C) Most plugins have documentation and by reading the code you can figure out what it does. If you think documentation is missing you're welcome to join the open source community and contribute your share to the documentation. Thank you!

burzum commented 11 years ago

Accidentally closed it, I'll wait for more information and an unit test before closing it.

burzum commented 11 years ago

Closing this now because there is no more feedback or unit test provided.

larry-tx commented 11 years ago

Sorry I didn't respond to you on this. After spending a huge amount of time trying to make Cake work, I've come to the conclusion that it's still a very immature product, not ready for realistic production work in a complex environment. After doing much research, I'm going with Yii. There's a reason why Yii has exceeded Cake in usage rates. It has a large number of alternative extensions (with a large variety of developers, not just one primary one like Cake), a robust, very helpful user community, and excellent documentation -- all areas in which Cake is sorely lacking.

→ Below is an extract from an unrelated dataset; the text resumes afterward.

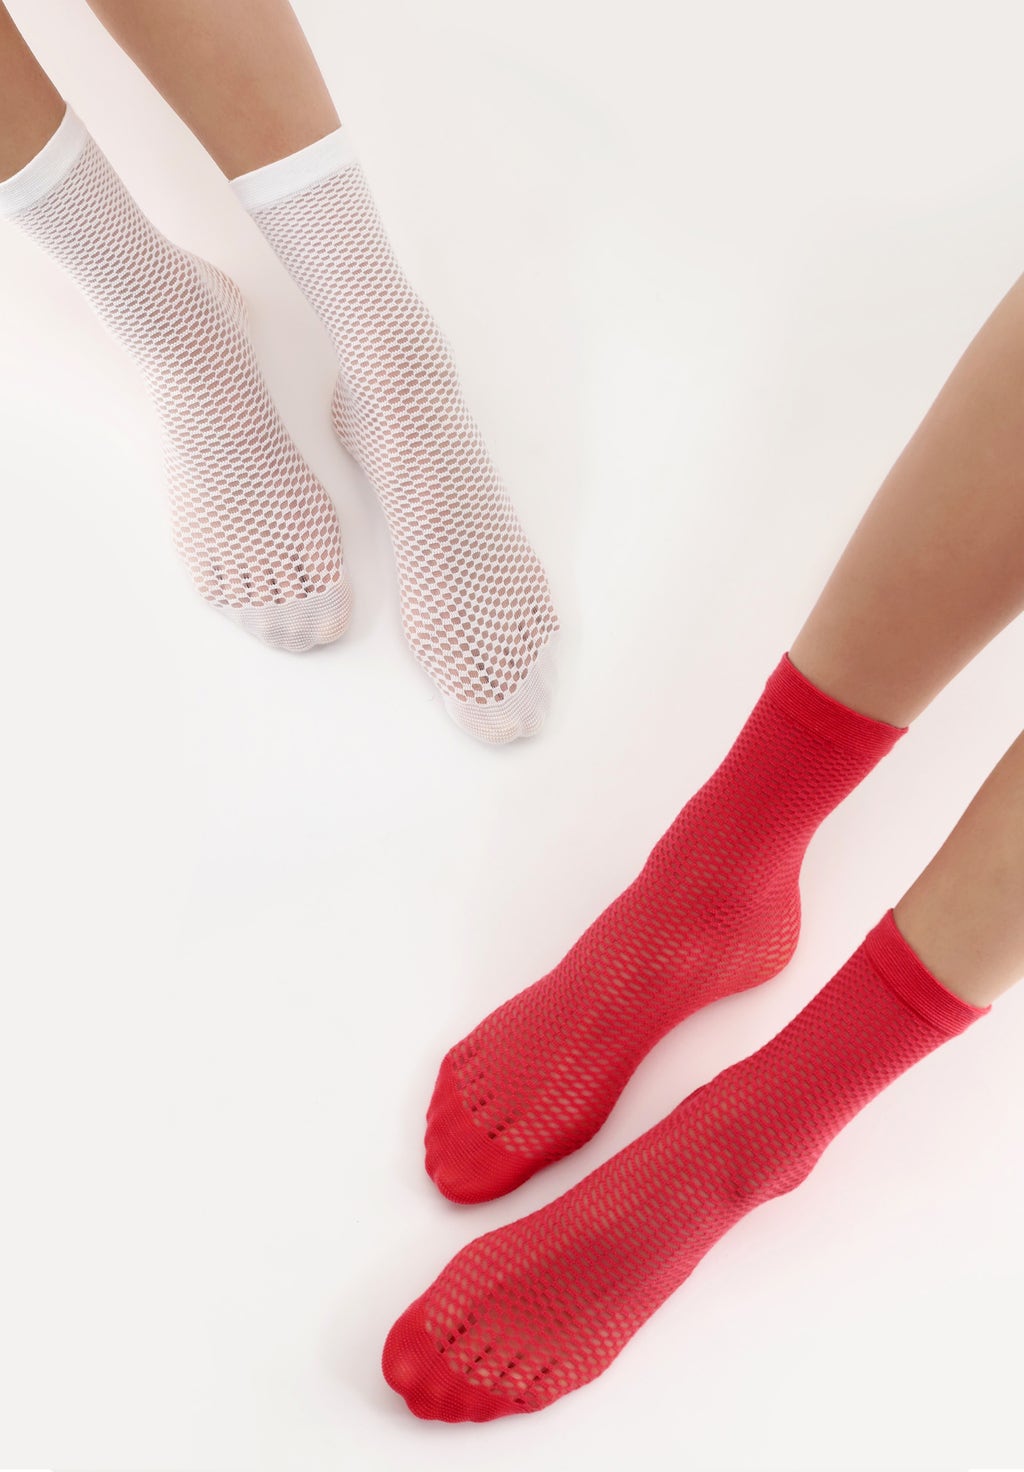 OroblÌ_ Twin Net Sock - Coral red and white cotton mix quarter high ankle tube socks twin pack with an enclosed fishnet style pattern, plain toe and thin cuff.

It's a difficult choice for me because I really like the Cake way of doing things, but after all this time, Cake has still not matured. It looks like it never will, and it will certainly be overtaken by several other frameworks. What a shame.

burzum commented 11 years ago

If you think so good luck with Yii. I disagree about it, its lacking a few things like better request handling for example. Also I don't like the static calls of models inside controllers, same for the helpers. Testing must be fun there. Just by looking at the blog tutorial I see several things CakePHP does better. Worst thing is that it mentions that this code was generated by Yiis equivalent of bake. This here for example is insecure http://www.yiiplayground.com/index.php?r=UiModule/ui_other/starRating. Same about the silly never ending framework benchmark story. Together with Jose we've took the 1/4 hour and outperformed Yiis glory benchmark - using CakePHP - just to show how pointless it was.

But can you explain what is wrong with book.cakephp.org and api.cakephp.org? The documentation is excellent and complete. People just need to read and follow it. Can you name something in particular that is missing or incomplete? Cake has a very active Google Group, an IRC Channel to get help from, at least others do so.